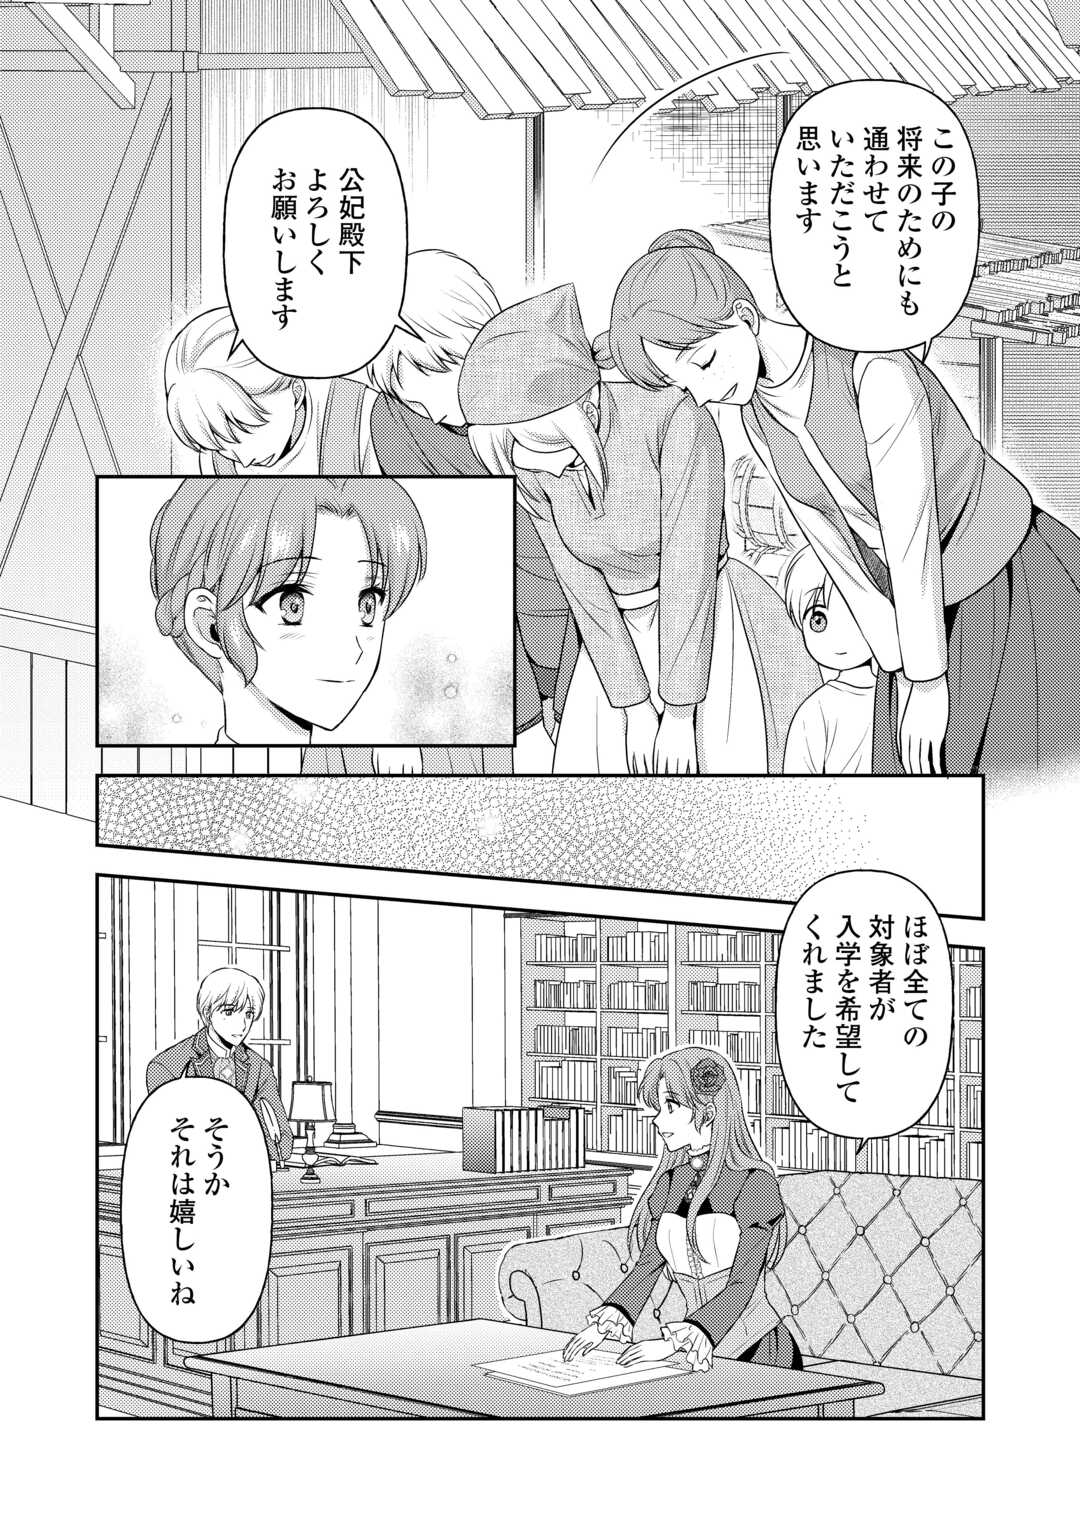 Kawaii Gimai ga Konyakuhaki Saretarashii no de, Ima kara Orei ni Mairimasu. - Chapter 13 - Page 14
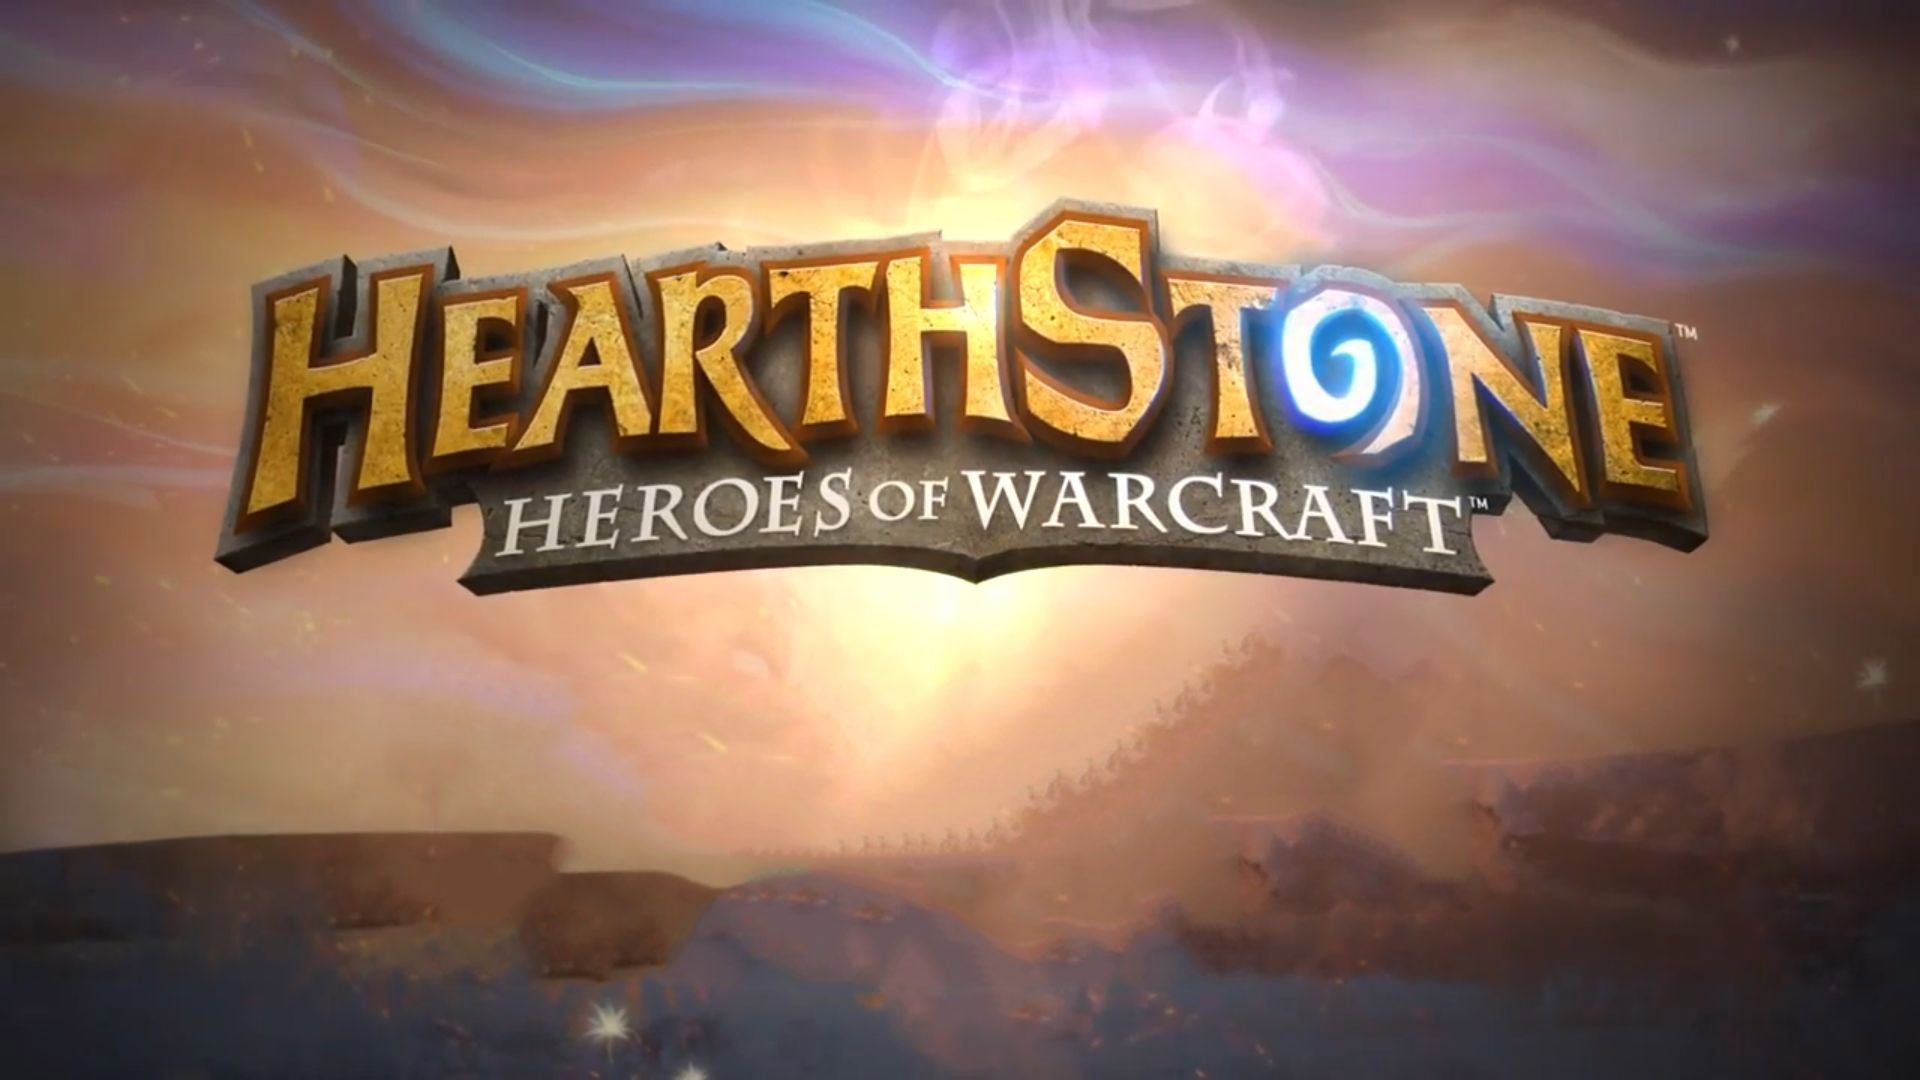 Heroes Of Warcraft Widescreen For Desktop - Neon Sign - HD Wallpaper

==

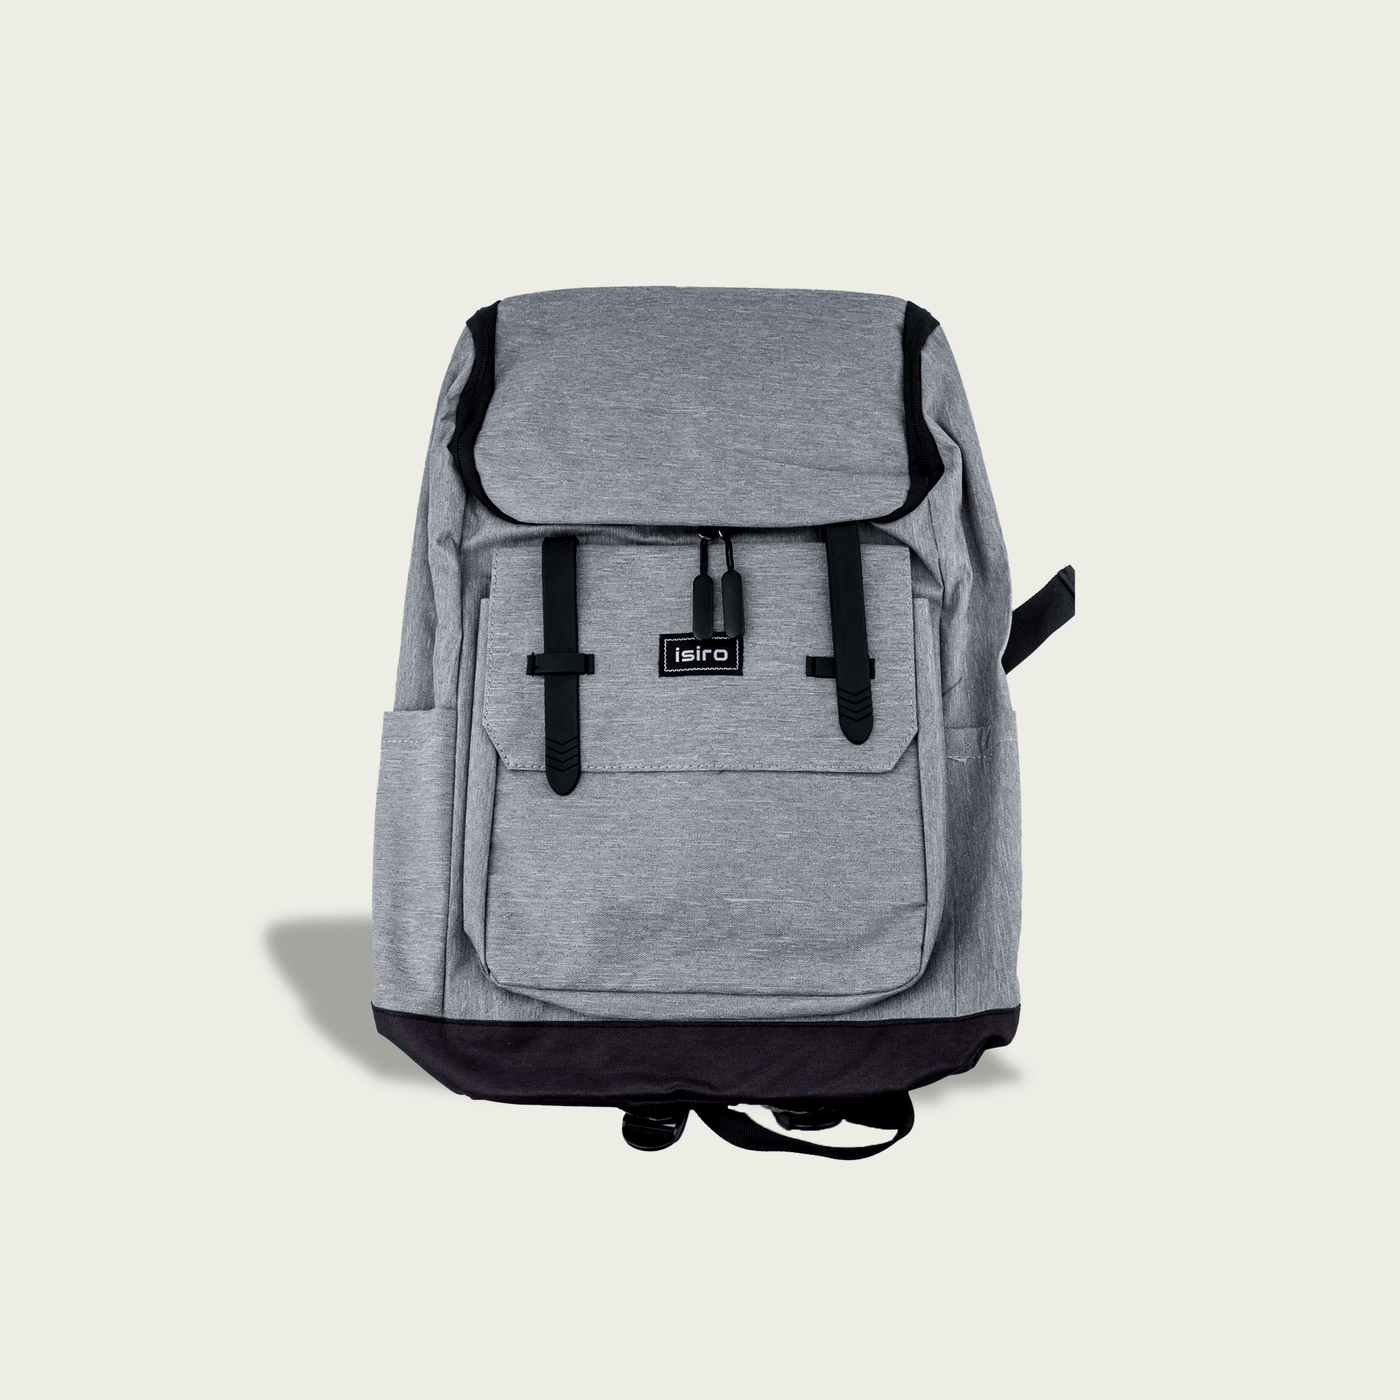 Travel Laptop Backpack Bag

---

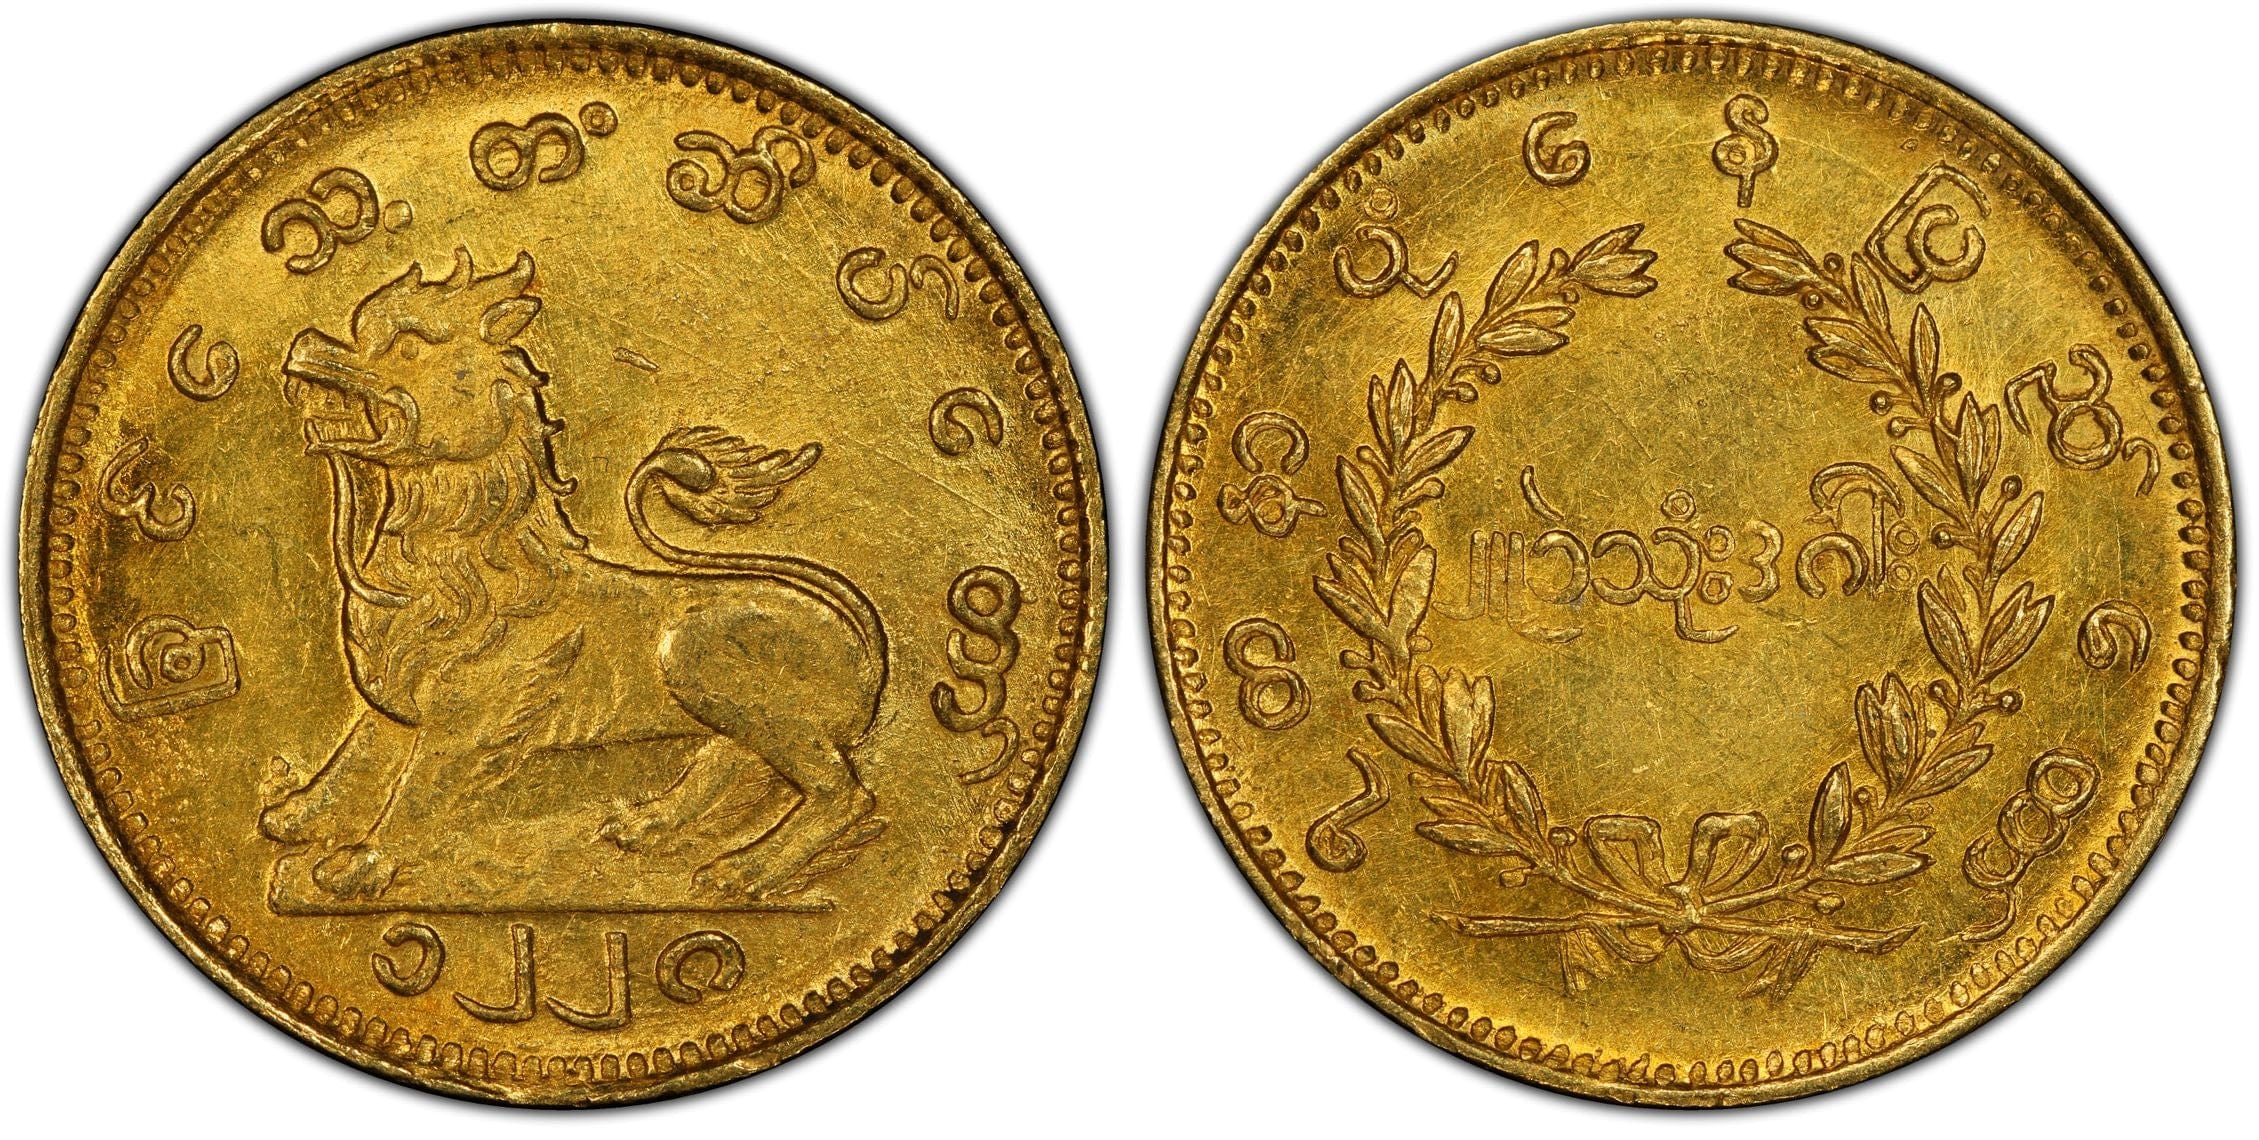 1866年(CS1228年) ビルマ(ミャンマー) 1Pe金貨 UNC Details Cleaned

REQUIREMENT: Please return the data above exactly as it stands from the line with "Kawaii Gimai ga" to the line with "Heroes Of Warcraft", keeping both of those lines but none of the pictures.

RESULT FOR THIS EXERCISE:
 Kawaii Gimai ga Konyakuhaki Saretarashii no de, Ima kara Orei ni Mairimasu. - Chapter 13 - Page 14
 Heroes Of Warcraft Widescreen For Desktop - Neon Sign - HD Wallpaper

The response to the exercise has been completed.